In addition to the points I made below about sequence #’s, there can be problems with startup. When a neighbor is instantiated, the sequence # is often 0 (structures are normally zero initialized). As such, the first neighbor message will probably have a zero sequence too. Wouldn’t this cause that message to be ignored?

 

As a side note…I defeated the sequence check, and the state machine seems to work much more reliably – I actually end up with totally idle nodes rather than stick WTR’s.

 

Regards,

 

Michael

 

-----Original Message-----
From: Jason Fan [mailto:Jason@xxxxxxxxxxxx]
Sent: Tuesday, April 22, 2003 10:02 AM
To: Michael Allen; stds-802-17@xxxxxxxx
Subject: RE: [RPRWG] D2.2 and new IPS Sequence # processing

 

Hi Michael,

 

The intent of line 36 is that if a TP frame is received from a neighbor that meets the conditions of line 36 prior to the WTR expiring, the relevant information in the TP frame will still be available for the purposes of the check when WTR expires.

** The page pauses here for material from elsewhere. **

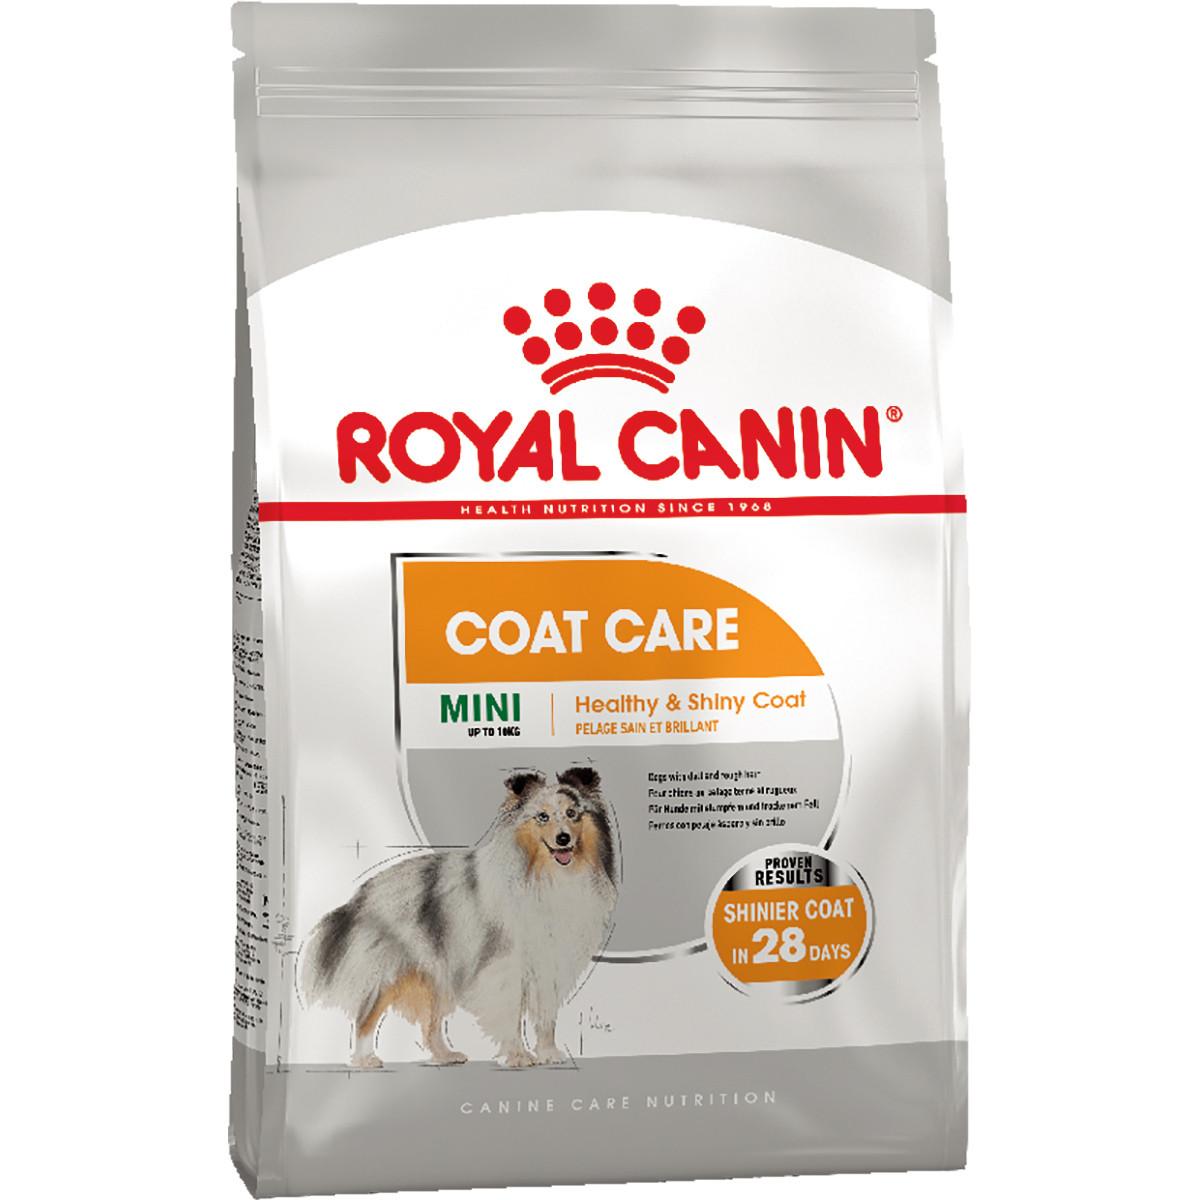 Royal Canin MINI COAT CARE 1кг - сухий корм для собак малих порід з тьмяною і сухий вовною

At that point the transition will occur into the IDLE state. The expiration of WTR is a trigger for doing state machine processing just as when a new TP frame is received.

 

-- Jason

-----Original Message-----
From: Michael Allen [mailto:michael_allen@xxxxxxxxxxxxxxx]
Sent: Monday, April 21, 2003 5:15 PM
To: stds-802-17@xxxxxxxx
Subject: [RPRWG] D2.2 and new IPS Sequence # processing

I have been implementing the D2.2 IPS state machine and run into what I believe is an issue with the new sequence # check. If I interpret the check correctly, it looks like the first packet received with a new sequence # is processed & then all future ones are suppressed (until the sequence # changes again).

 

It seems like this can cause a problem when attempting to unwrap a link (on a wrapping ring), since a WTR node would require state 36 to fire to get out of the WTR and the neighbor is the same as the original. The problem is when the packet defined in state 36 arrives, but the WTR timer has not expired. Once the packet has been processed, and the timer later expires, it is not possible to get into state 36.

 

Also, state 40 is the only state that formally copies neighbor addresses. Since the whole state machine banks on the neighbor MAC addresses being updated at the right time, this should be in the state tables.

 

It seems as though ALL ClearXxxSideEdgeStatus() operations should remove a wrap. That way, reception of IPS with STEER mode can switch the ring from wrapping to steered immediately, and any current wrap conditions will get removed. Only the wrap operation should be conditional on all nodes being able to wrap.

 

Comments are welcome,

 

Regards,

 

Michael Allen